**Data**
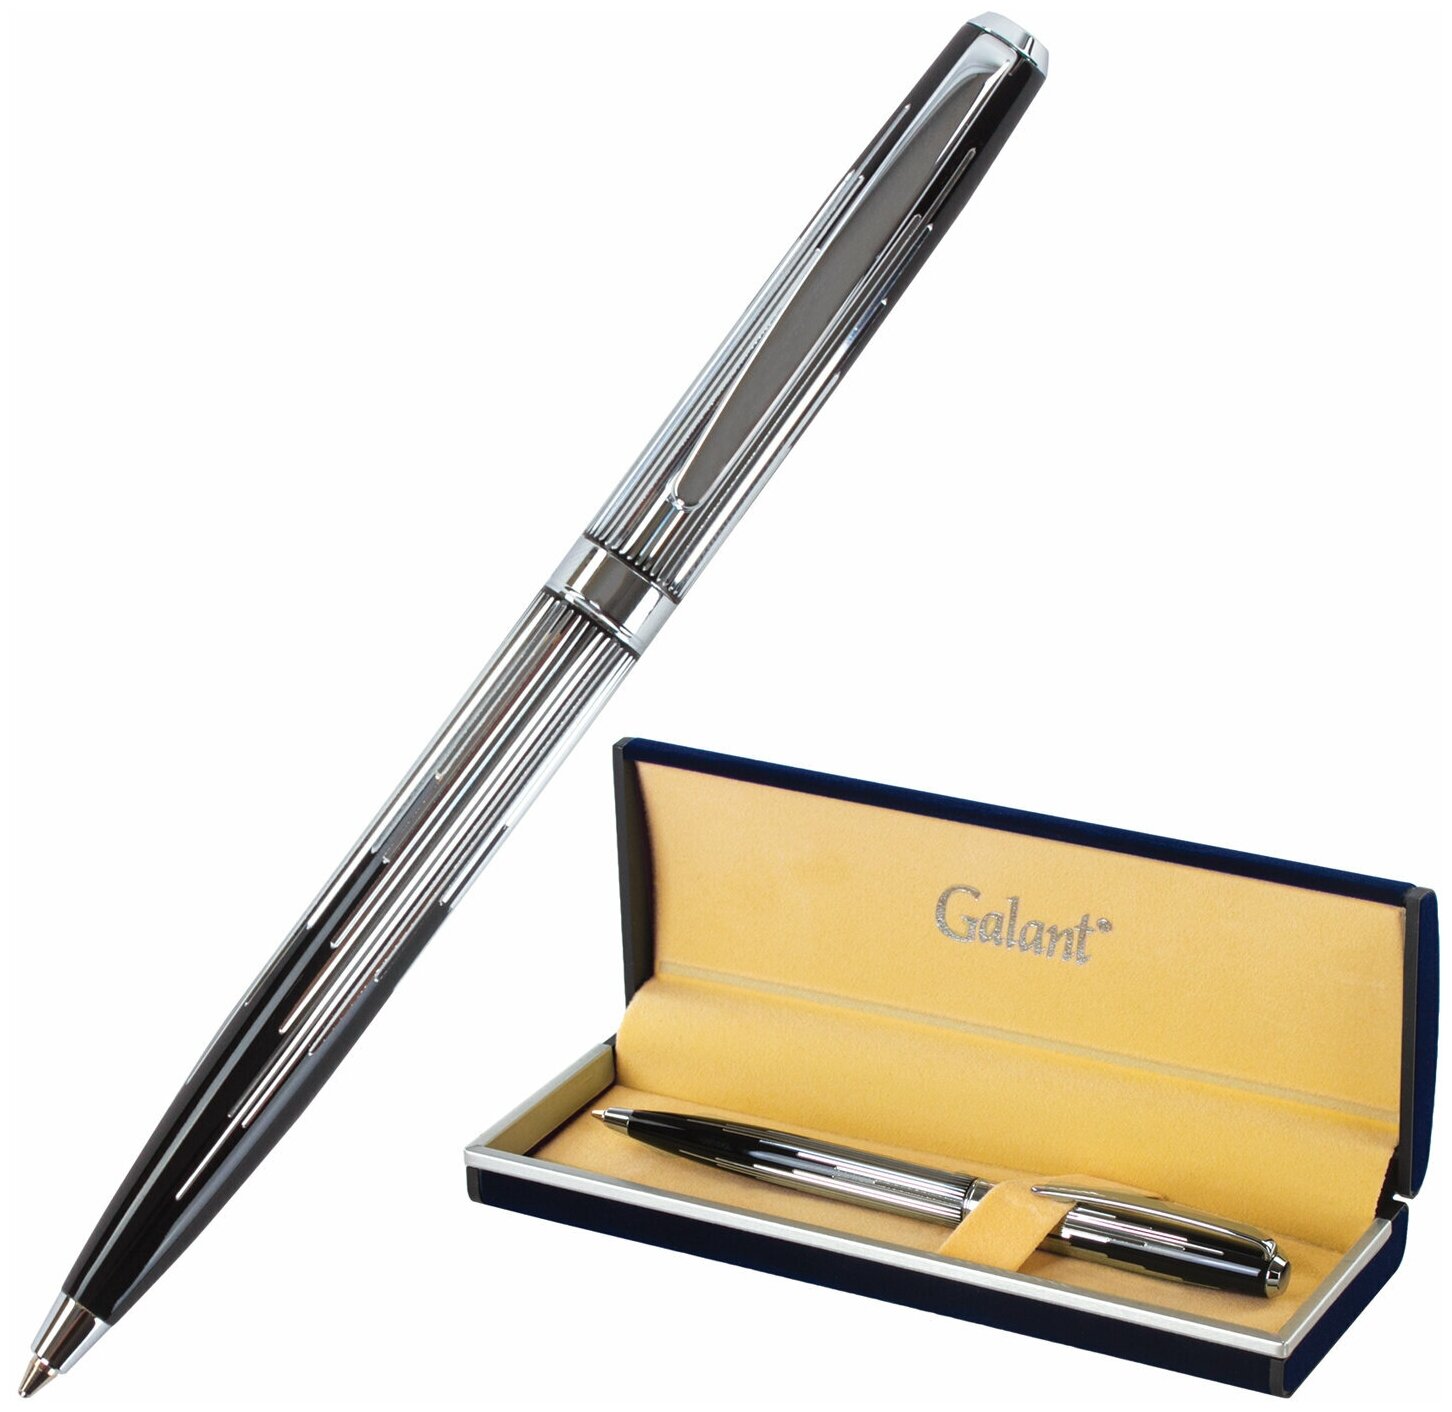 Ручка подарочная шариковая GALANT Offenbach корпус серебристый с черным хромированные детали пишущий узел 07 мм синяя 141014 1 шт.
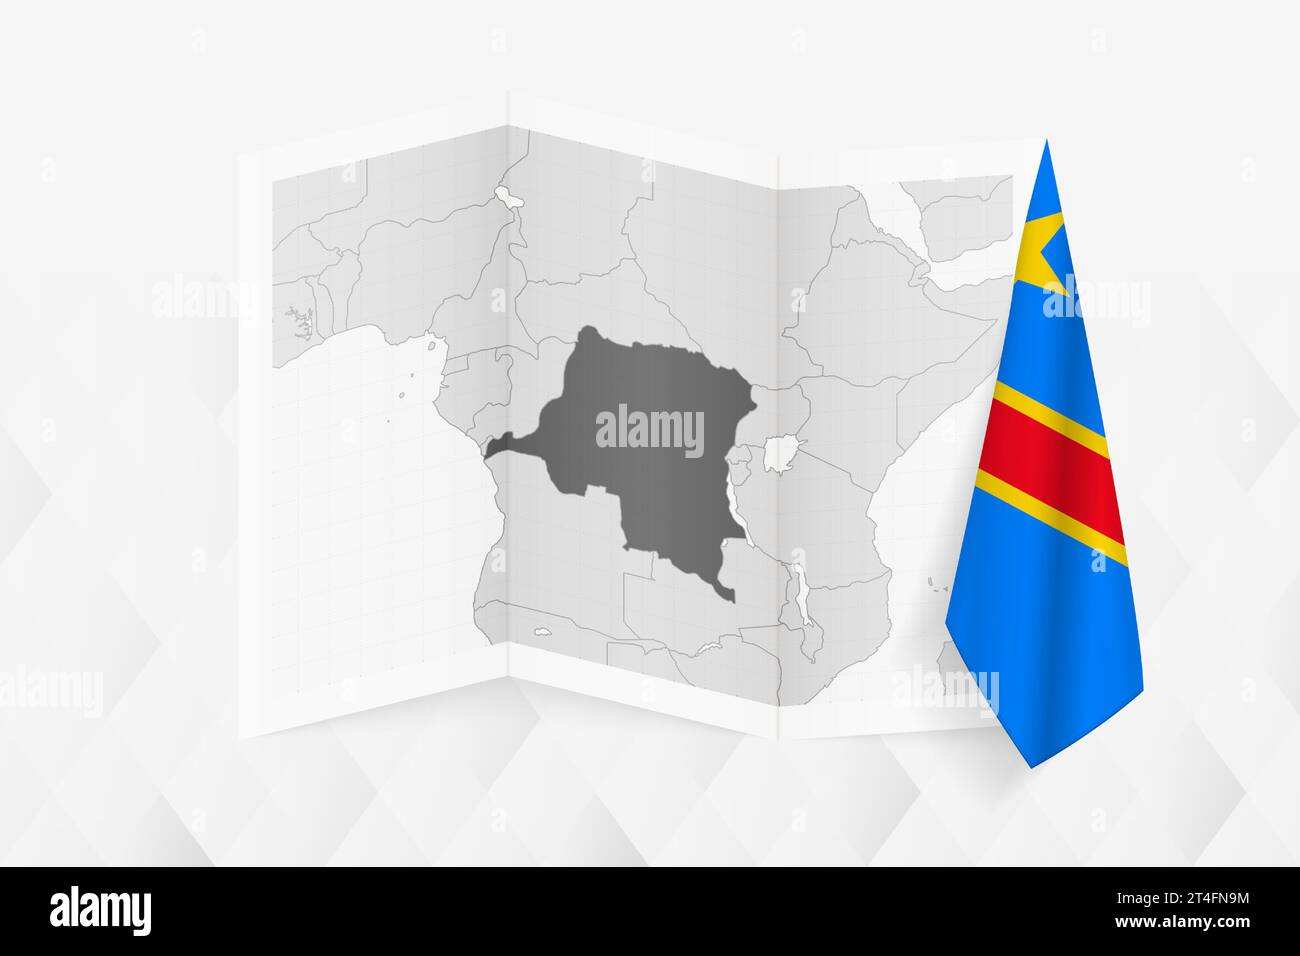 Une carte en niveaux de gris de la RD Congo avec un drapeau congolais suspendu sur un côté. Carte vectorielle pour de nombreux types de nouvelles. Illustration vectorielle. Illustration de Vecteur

--

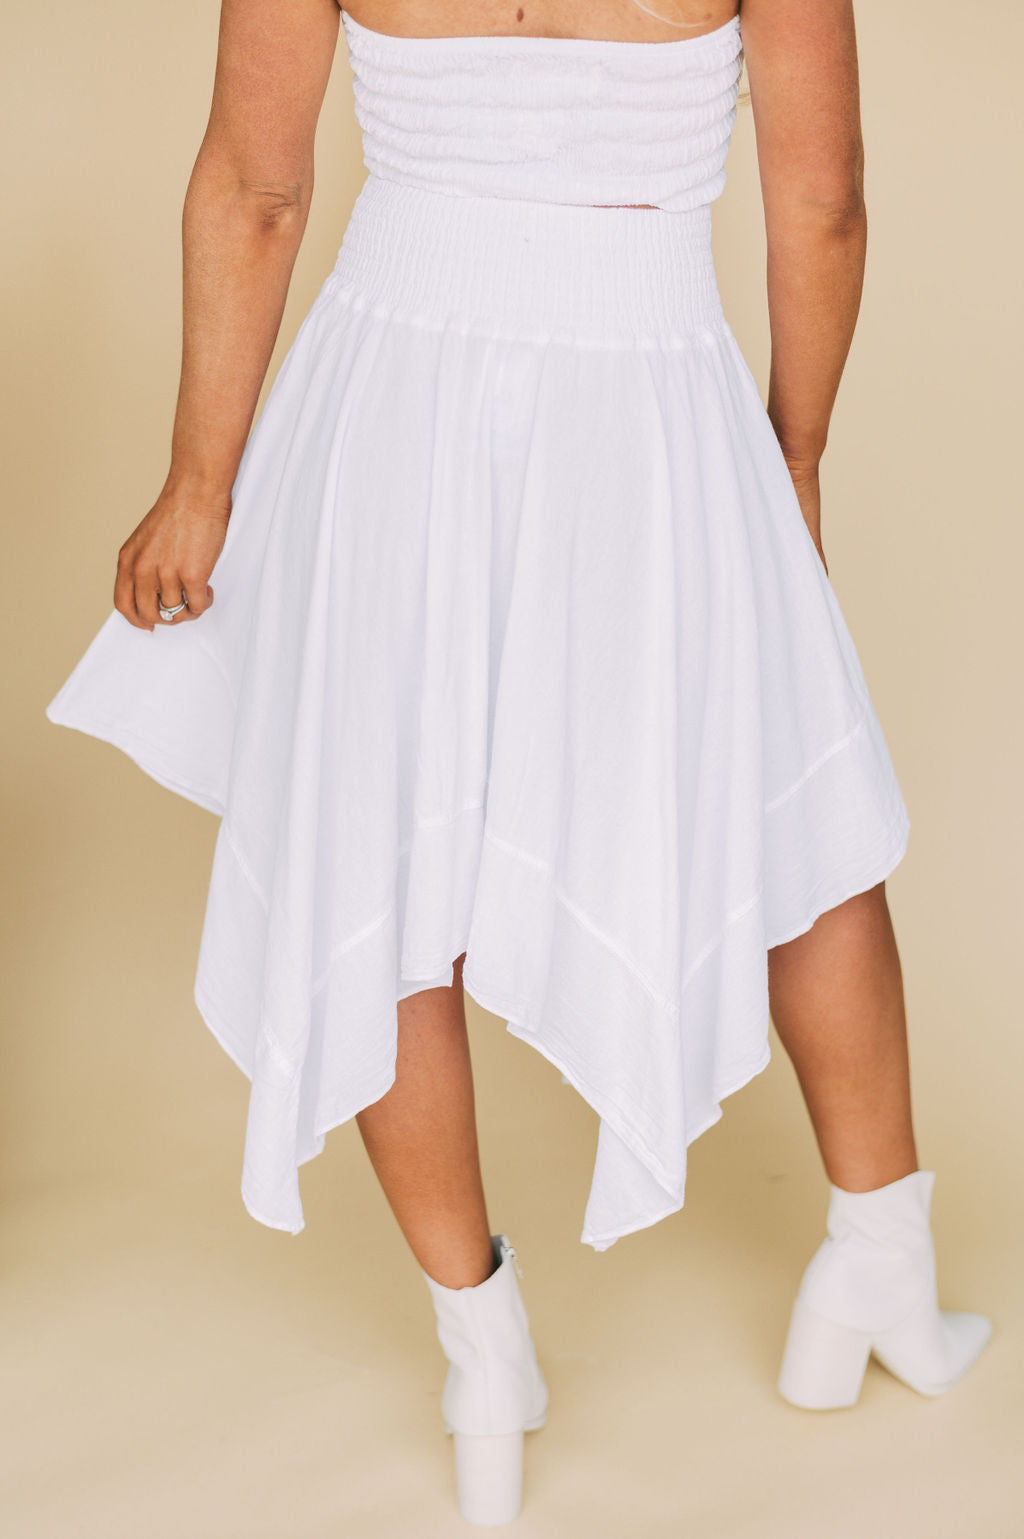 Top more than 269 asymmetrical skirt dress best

**What this task involves**
Copy out exactly the lines above beginning with the line that contains "Ручка подарочная шариковая" and finishing with the line that contains "Une carte en", including both; leave the pictures out.

**Response for this exercise**
 Ручка подарочная шариковая GALANT Offenbach корпус серебристый с черным хромированные детали пишущий узел 07 мм синяя 141014 1 шт.
 Une carte en niveaux de gris de la RD Congo avec un drapeau congolais suspendu sur un côté. Carte vectorielle pour de nombreux types de nouvelles. Illustration vectorielle. Illustration de Vecteur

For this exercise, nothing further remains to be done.